‘Smart’ Direct Marketers Will Adjust to Regulations

The federal do-not-call registry recently rode one of the most harrowing legal roller coasters ever. One day on, one day off, the next day – who knows? Telemarketers watched in suspense as the courts and Congress played a game of high-stakes constitutional pingpong, the collective fortunes of all telemarketers rising and falling with every volley.

This was big news for telemarketers, but the same cannot be said for e-mail and direct mail marketers. Beyond planning how to spend all the revenue that soon will flow their way from anticipated cuts in telemarketing budgets, e-mailers and direct mailers were riveted by developments on another front: spam.

Much like the no-call frenzy that started about four years ago, anti-spam prohibitions are popping up with alarming frequency as lawmakers latch on to the latest hot-button privacy issue. Most recently, California joined a few other states that set prohibitions against spam by enacting SB 186, which makes it illegal to send an unsolicited commercial e-mail either to or from California.

Meanwhile, the U.S. Senate also passed a spam measure (S. 87, the CAN-SPAM Act), which requires the FTC to deliver a plan to Congress for creating a “no-spam” registry similar (in concept, at least) to the no-call registry.

Can the final nail in the direct marketing coffin, “do-not-mail” registries, be far behind? New York and Massachusetts introduced such legislation this year, and legislators in other states have begun drafting similar provisions. In a political climate offering few slam-dunk issues, the “do-not-this or that” bandwagon has become increasingly alluring.

As the repercussions of these new and proposed rules sink in, non-telemarketing DMers’ attention inevitably will be drawn to the outcome of the American Teleservices Association and Direct Marketing Association case against the federal no-call registry.

Rather than distancing themselves from telemarketing (deemed the “infected limb” of direct marketing by another commentator), e-mailers and direct mailers increasingly will see the telemarketers’ constitutional challenge as their last, best chance to disrupt an unprecedented triple play against the DM industry.

The simple reality is that the fight over the do-not-call list, once viewed as affecting only telemarketers, is the e-mailer’s and direct mailer’s fight as well. All direct marketers need to circle the wagons now or face the long-term negative ramifications of a divide-and-conquer approach by state and federal legislators.
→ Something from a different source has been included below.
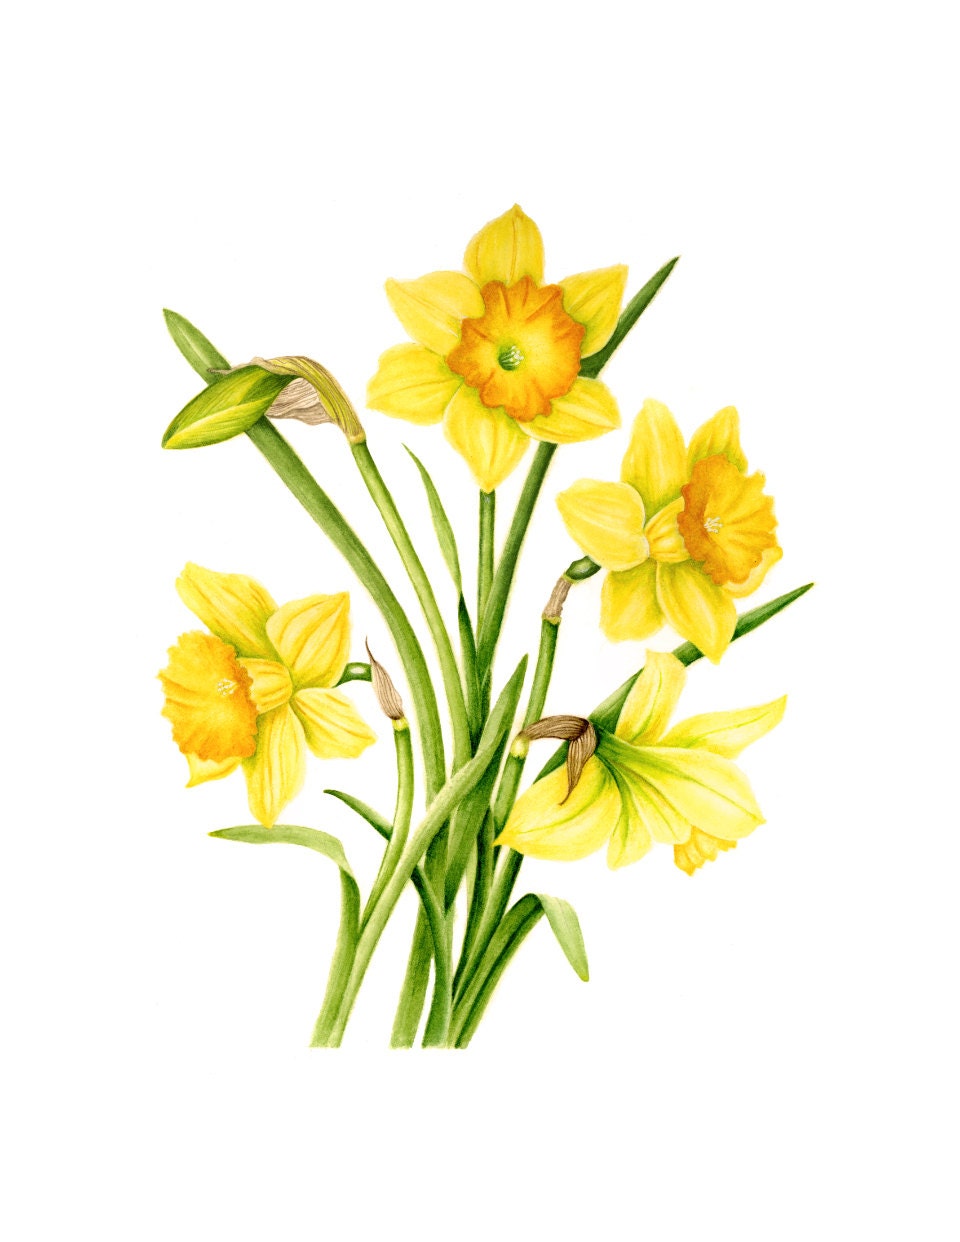 Daffodils - Beautiful Spring Flowers Graphic by Dazzling Illustrations ·  Creative Fabrica

All direct marketing channels, not just telemarketing, have become victims of their own success. The higher response rates achieved via direct marketing over traditional mass marketing attract more and more companies seeking to maximize their advertising dollar. At the same time, greater information-gathering capabilities and decreasing costs have enabled these companies to send ever-increasing numbers of messages. The result is consumers who feel inundated with marketing messages and opportunistic consumer groups and politicians who seek to take advantage.

What can be done? Delivering just the right marketing message regarding just the right product to a consumer who is poised to purchase that product is the underlying challenge of all direct marketing. The challenge facing all DMers is how to use the ever-increasing ability of companies to compile information to better target those individuals most likely to make the purchase. The regulatory climate therefore requires less mass marketing in the guise of direct marketing, and more “smart” marketing.
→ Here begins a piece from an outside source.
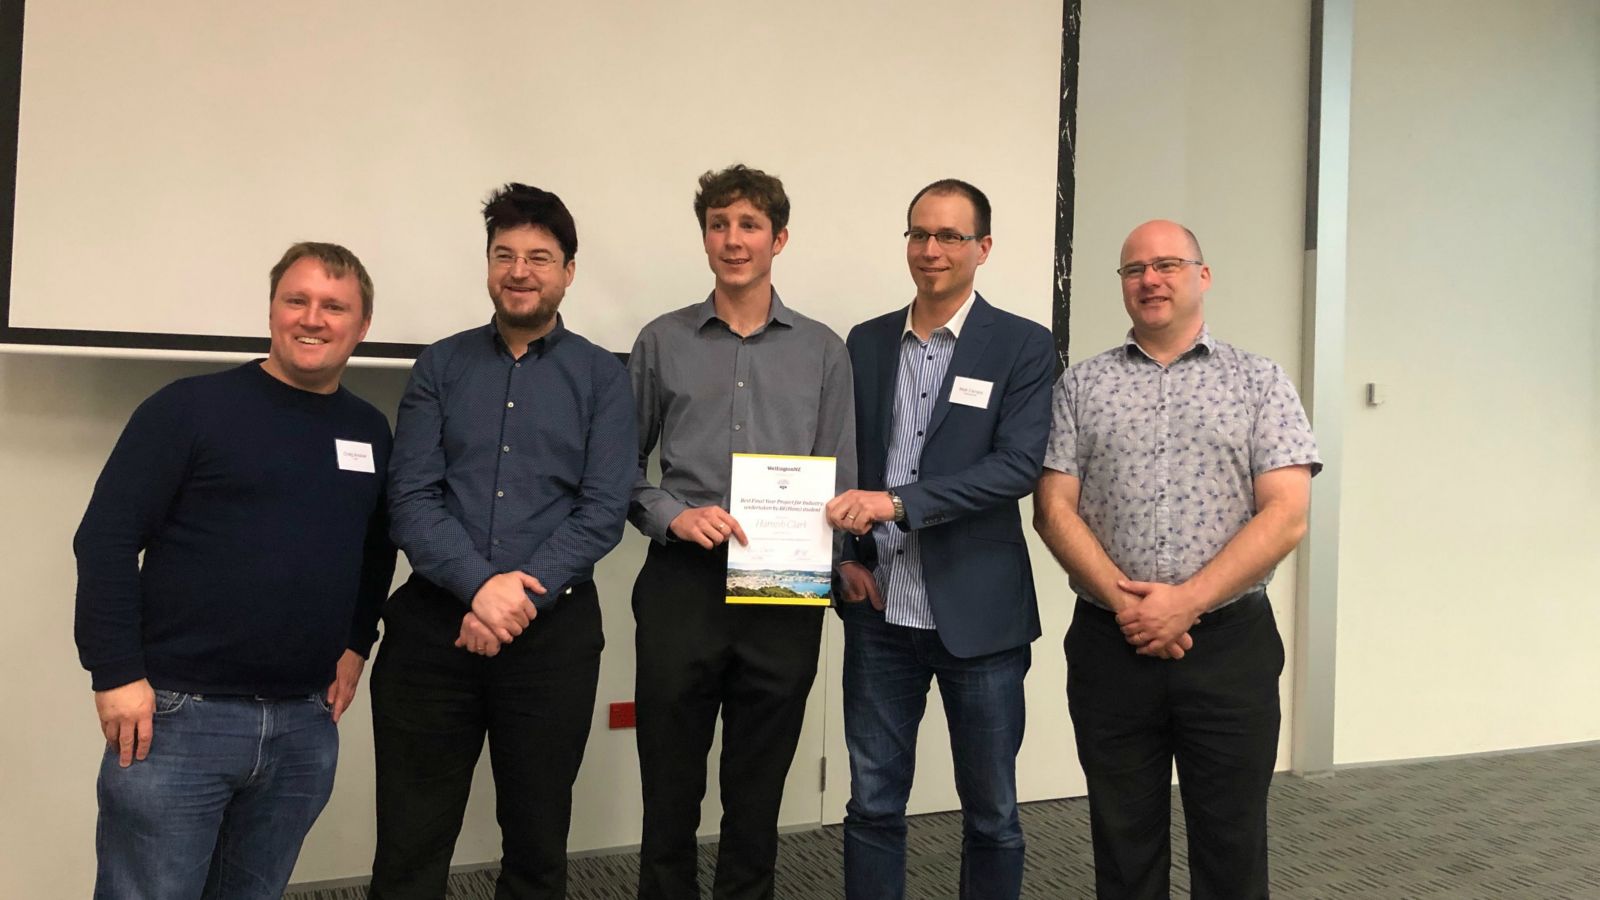 A group of five men stand with a certificate: Hamish Clark, centre, with SECS and WellingtonNZ staff after being presented with the Best Industry Project award.

Smart marketing takes advantage of the best elements of all direct marketing channels in light of today’s regulatory realities. It means deploying information technology to an even greater extent than ever before in order to maximize the probability that the consumer contacted at least will be interested in the product offered.
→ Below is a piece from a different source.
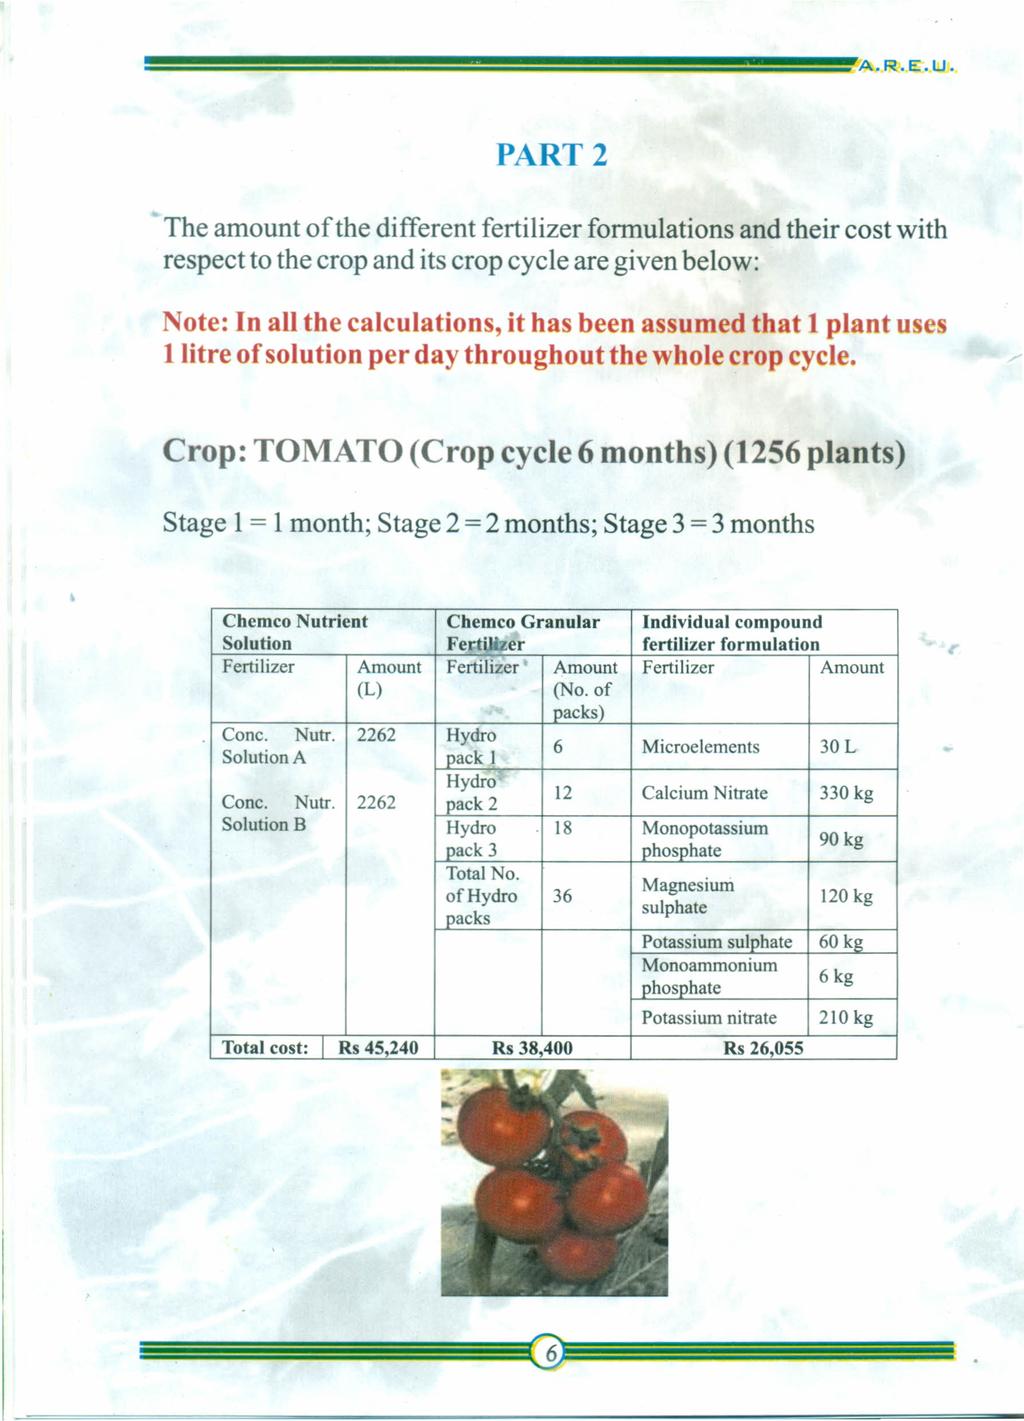 PART 2 The amount of the different fertilizer formulations and their cost with respect to the crop and its crop cycle are given below: ote: In all the calculations, it has been assumed that 1 plant

It also means absolute, no-questions-asked compliance with every element of the new laws in order to stay off the regulator’s enforcement radar screen. A proactive compliance mindset, combined with deployment of new compliance technologies and careful record-keeping, will let smart marketers anticipate compliance issues before they arise and take advantage of exemptions in the laws as well as any safe harbors offered.

With the playing field between telemarketing and other direct marketing channels rapidly becoming level (from a regulatory standpoint), smart marketing also means using the three DM channels in new and complementary ways to maximize client acquisition and retention.

As direct marketers grow more fluent in the nuances of smart marketing, the overall perception of consumers toward direct marketing will change as well, offering a more receptive audience to the messages.